I am not disagreeing with the two points that you suggest. The partial end-to-end support was suggested but did not get the flang community approval. I believe the difficulty included finding small patches which implement end to end functionality that can be upstreamed. For e.g. when i tried to upstream the parse-tree to FIR lowering (https://reviews.llvm.org/D79731) of an empty subroutine in May last year it was a huge patch and there was not much support for it.

(Note that at the FIR layer and lowering to LLVM IR the agreed approach is to upstream pass by pass).

I'm not especially familiar with MLIR or Flang to properly parse this statement - could you rephrase/add more detail?

I was just highlighting the difference in approach of upstreaming the parse tree -> MLIR lowering and the MLIR -> MLIR transformations/MLIR -> LLVM IR lowering.
There is a lot of support code required for the former (parse tree -> MLIR) due to the big difference in representation of the parse-tree and MLIR. And all this support code is written from scratch.
In the case of MLIR transformations or lowering to LLVM IR a lot of support code already exists in llvm-project and hence for these cases we can upstream in the traditional way and it is the agreed approach for upstreaming.
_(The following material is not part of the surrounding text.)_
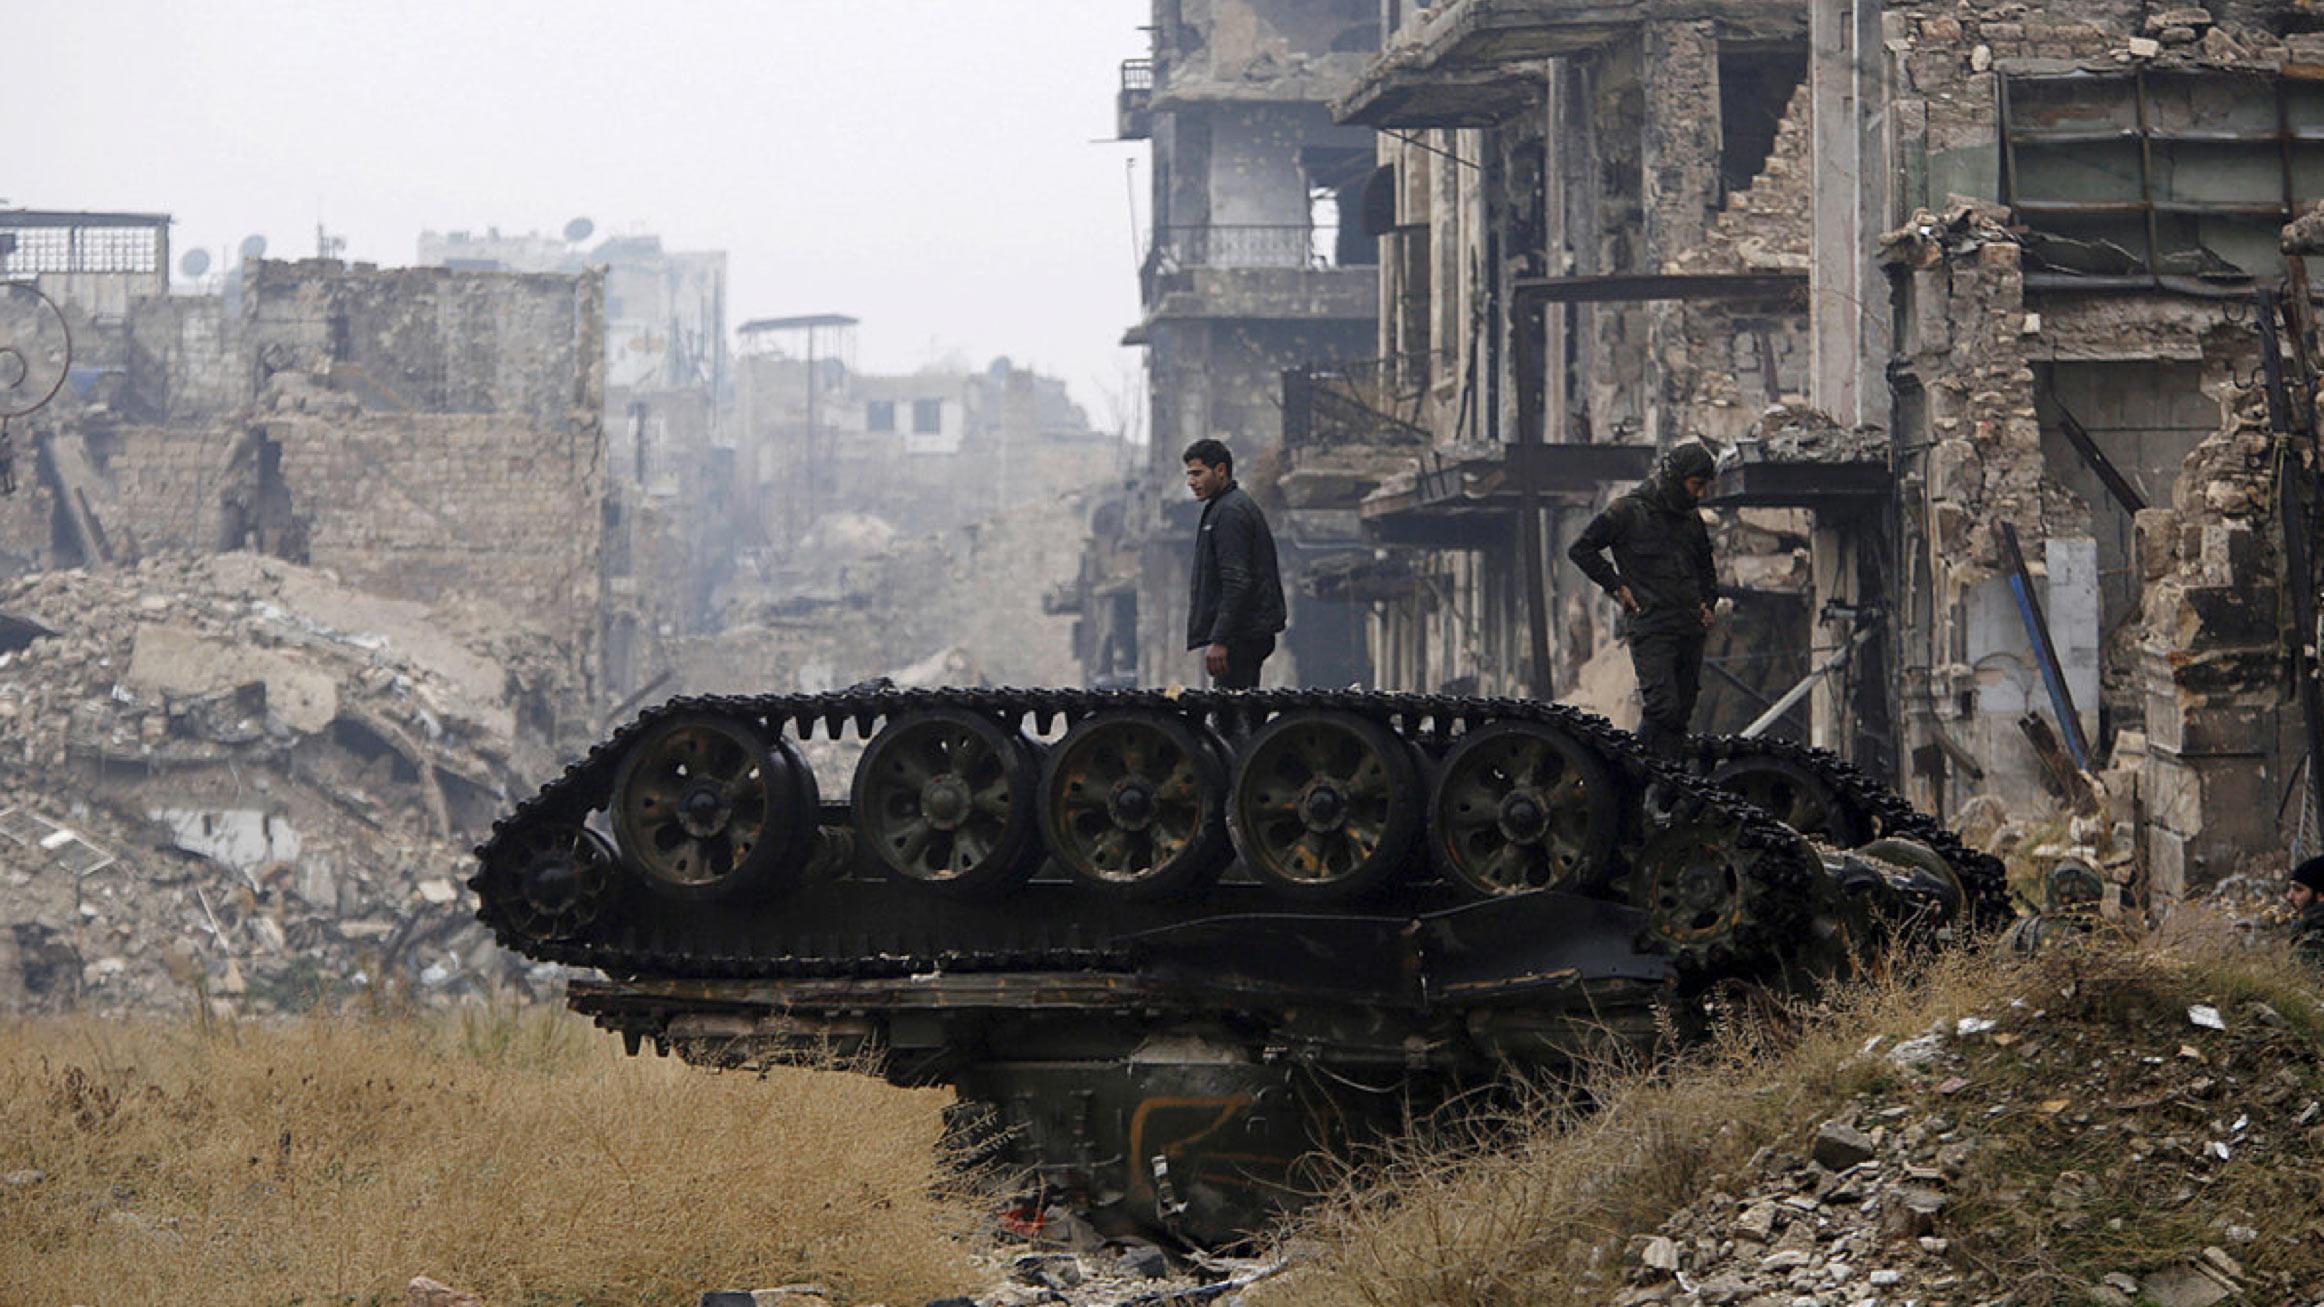 <p>Фото: &copy;&nbsp;REUTERS/Omar Sanadiki/File Photo</p>

This would be like upstreaming the lowering of each MLIR operation or upstreaming each pass which does a transformation on MLIR.

In D99967#2688269, @kiranchandramohan wrote:

In D99967#2688121, @dblaikie wrote:

In D99967#2688105, @kiranchandramohan wrote:

Though the description mentions that the functions are all tested - yet it looks like this patch adds a new function/overload without any callers, so how is it tested?

Apologies for the misunderstanding here. What i meant is that the function that is ultimately called (fir::NameUniquer::doType) is already tested and this is a wrapper around that function. I will check today if I can add a unit
test for this function (assuming that is the recommendation here).

Hmm - well, then there's the question of: What's the purpose of the new function? We don't usually add new code without usage (& then test the new code via that usage). But there are some times when it's suitable to implement new code with nothing but a unit test for coverage - usually only if that code is intended for API usage by clients outside the LLVM project.

What's the purpose/intended usage of this new code?

Names have to be unique at the FIR (MLIR IR for Flang) layer. So the usage of name mangling is when we lower from the parse-tree of Flang to FIR. The bridge code which does this lowering has not yet landed in llvm-project/flang. The approach for upstreaming this portion is to bring in all the support functions and classes and then introduce the bridge code and show the lowering and testing for each Fortran construct.

That presents a challenge for testing - usually we'd implement partial support for a feature more end-to-end (ie: make it "work" but without all the functionality) then as functionality is added incrementally, so is corresponding testing.

But adding lots of implementation code that's basically "dead" until the final patches wire it up makes it hard to tell which parts are tested - it'll need to be significantly unit tested & be a bit out of sync with the way the rest of LLVM is authored and tested.

I am not disagreeing with the two points that you suggest. The partial end-to-end support was suggested but did not get the flang community approval.

Got any links to records of the discussion there? (perhaps this is an awkward case of having flang commits going to the LLVM-commits list, but the flang community conversations aren't happening in llvm-dev or other llvm areas - though good that it catches some community norm differences that we'd like to keep closer to the established LLVM conventions)

It might be worth bringing up this aspect of this kind of incremental development in that conversation, perhaps it changes the weighting of alternatives to some degree.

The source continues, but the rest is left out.